Потом, чертыхаясь и матерясь сквозь зубы с полчаса устанавливал эту проклятую палатку, что в одиночку и без достаточной сноровки туриста, было весьма непросто. Учитывая, что это была не современная палатка, которую надо лишь достать из чехла и бросить на землю, и она сама, словно по волшебству, вдруг, подчиняясь какой-то неведомой силе свернутых особым образом стальных прутьев, раскладывается и устанавливается сама собою. По сути дела, она представляла собой несколько кусков брезента с пришитыми по краям петельками для растяжек. Все остальное, включая сами растяжки, колышки, колья для каркаса изобретатели сего чуда инженерной мысли оставили на попечение счастливых обладателей этого переносного жилья. Наконец справился и с этой задачей. Сложил в кривовато стоящую палатку продукты, принес воды, надрал бересты с валявшихся неподалеку березовых бревен. Достаточно быстро развел небольшой для начала костерок. Забил по его сторонам рогатки, примерил к ним перекладину. Остался доволен творением своих рук, подкинул в огонь полешек, повесил над костром ведро с водой для каши. Воду для чая решил вскипятить ближе к обеду. Минут через двадцать вода в ведре забурлила ключом. Я всыпал достаточное, по моему мнению, количество крупы (никто из нас ее, конечно, не промывал и, уж тем более, не перебирал. Что мы? Золушки, какие-то что ли, спешащие на бал?), добавил крупной серой соли из картонной килограммовой пачки, перемешал всё алюминиевой ложкой, которую прикрепил проволокой на полуметровый черенок – видел, как делал мой отец, когда на даче, экономя баллонный газ, варил на костре собранные в лесу грибы. Убрал из-под ведра лишние полешки, чтобы жар был поменьше. Процесс пошел. Все-таки какой-никакой дачный опыт пошел на пользу. Каша тихо булькала, доносились голоса моих друзей, занятых разборкой завала, солнышко светило, облака плыли по небу, в голове неспешно, одна за другой возникали мысли, что же я буду делать с кучей денег, которые я скоро заработаю…
Что-то назойливое, весьма неприятное вдруг отвлекло меня от таких приятных, реалистичных образов. Что-то мешало, не давало сосредоточиться. Что же это могло быть? Мысль потекла по другому руслу. Что же? Что же?
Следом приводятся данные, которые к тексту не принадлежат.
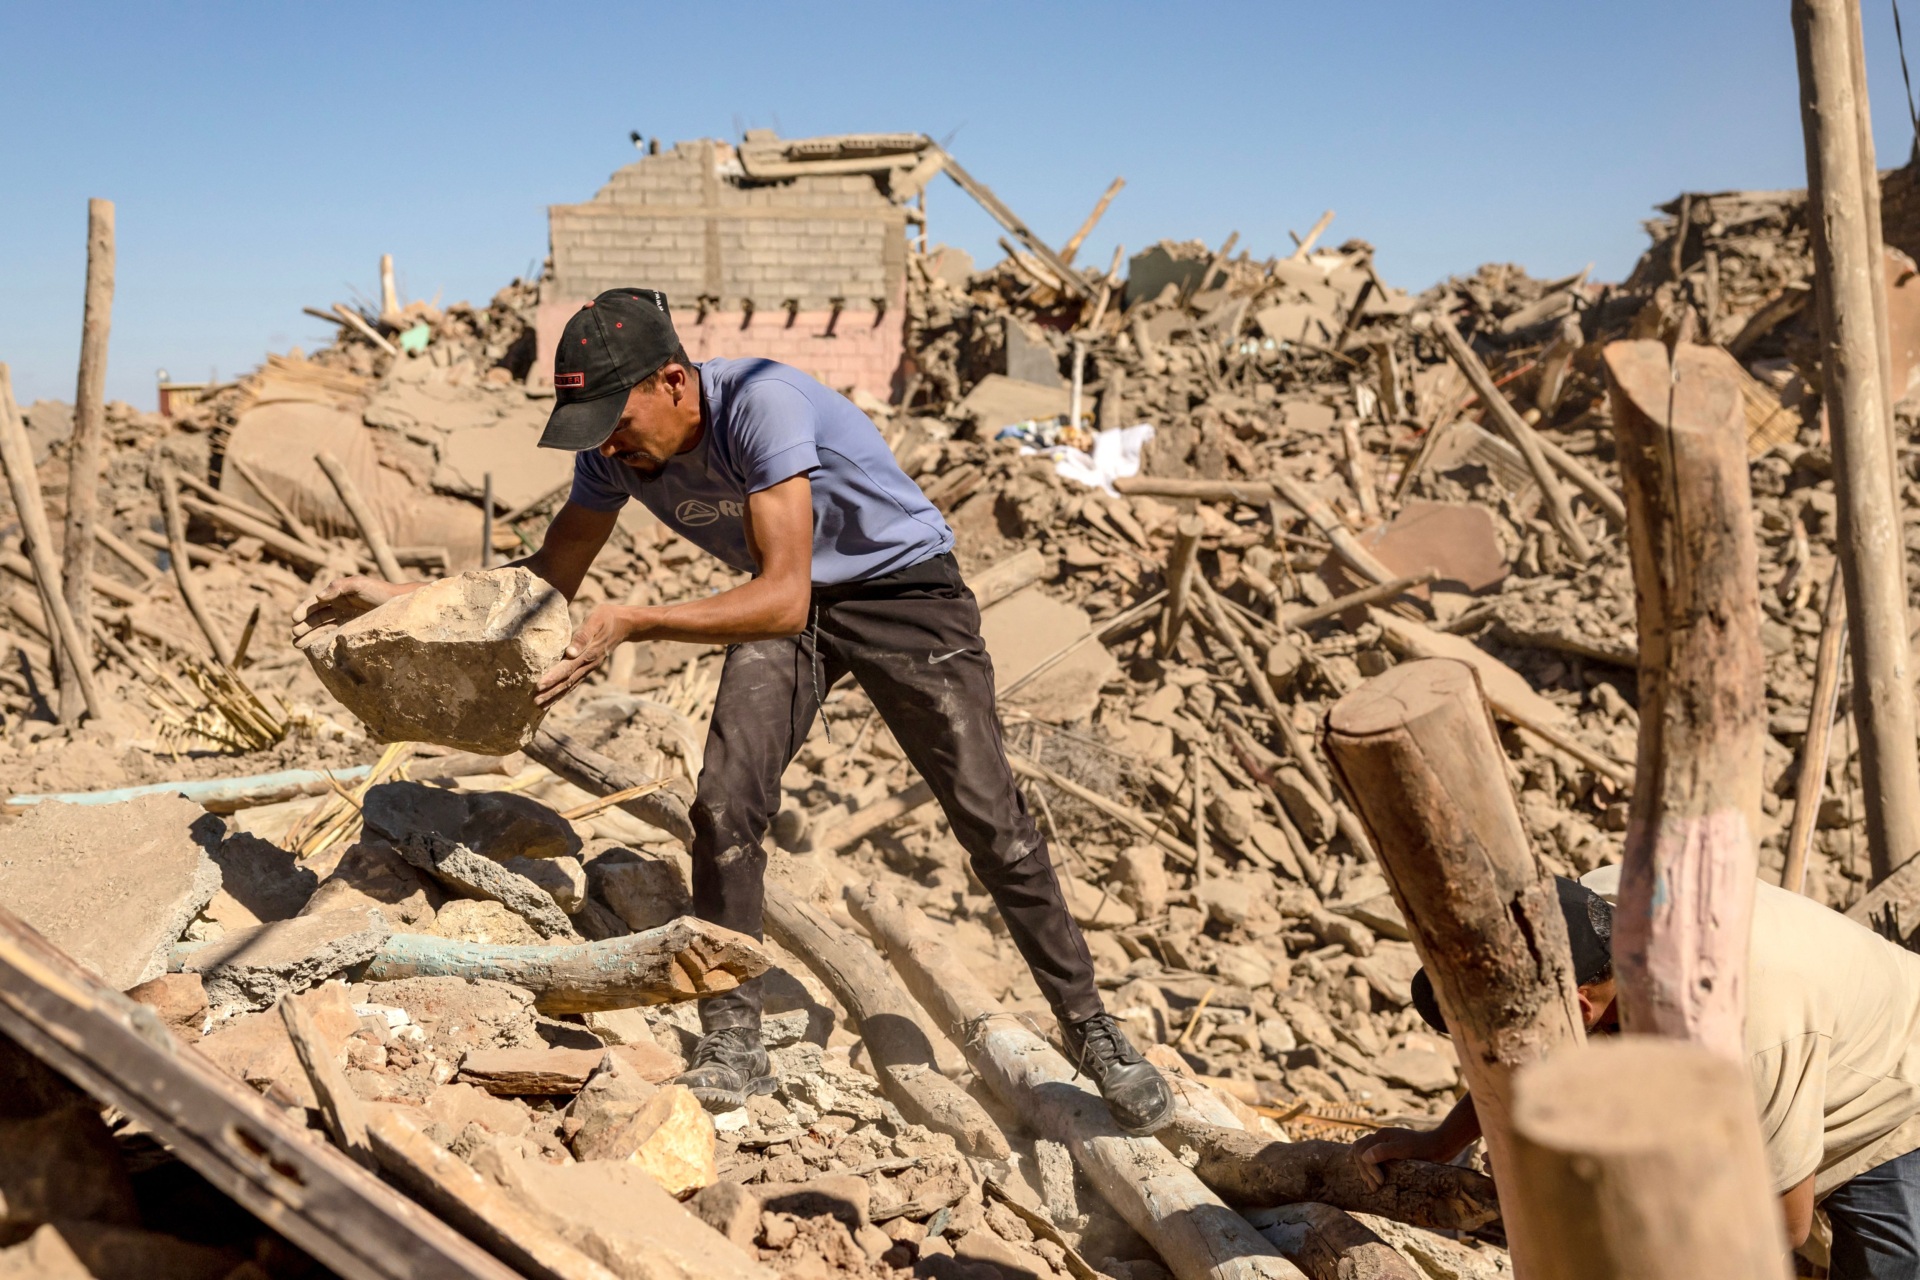 Volunteers search the rubble of collapsed houses in Tafeghaghte, 60 kilometres (37 miles) southwest of Marrakesh, on September 10, 2023, two days after a devastating 6.8-magnitude earthquake struck the country. Moroccans on September 10 mourned the victims of a devastating earthquake that killed more than 2,000 people as rescue teams raced to find survivors trapped under the rubble of flattened villages. (Photo by FADEL SENNA / AFP) (Photo by FADEL SENNA/AFP via Getty Images)

«****ь!» - Я подскочил, как ужаленный змеей. Неприятным был запах, шедший со стороны костра. Занятый своими мечтами, я незаметно задремал под теплыми лучами солнышка и обдуваемый легким ветерком. Пулей подлетев к костру, я увидел, что вода выкипела и каша начала подгорать. Еще не совсем придя в себя и не соображая толком, что делаю – в голове была лишь одна мысль – «Надо спасать еду!!!» - я схватился голыми руками за дужку ведра. Тут же взвыв от боли, запрыгал рядом с костром, бешено тряся в воздухе обожженными пальцами, изображая какой-то дикий танец африканского шамана. Кинулся к палатке за рукавицей. Нашел, естественно, не сразу. А запашок усиливался, катастрофа явно приближалась. Наконец я сдернул ведро с костра и поставил его рядом на травку. Стал принюхиваться, как конь, втягивая воздух и широко раздувая ноздри. Я принюхивался до тех пор, пока не стала кружиться голова. Запах уже не казался таким явным и противным.
«Ничего», - решил я, - «Тушеночки добавлю. Все нормально будет.» Собственно, альтернативы-то у меня и не было. Близилось время обеда, новую кашу сварить я уже не успевал. Я открыл две большие банки тушенки, вывалил их в кашу, размешал. Принюхался. Мне показалось, что мой план сработал – запаха горелого я уже не чувствовал. Настроение немного улучшилось. Я сбегал к реке, набрал полный котелок воды и повесил его на место снятого ведра. Никаким мечтам уж боле не предавался и минут через двадцать, чуть в стороне от углей в котелке висел свежезаваренный чай, в который я, не скупясь, сыпанул от души сахарного песка. Нарезал серый деревенский хлеб крупными ломтями.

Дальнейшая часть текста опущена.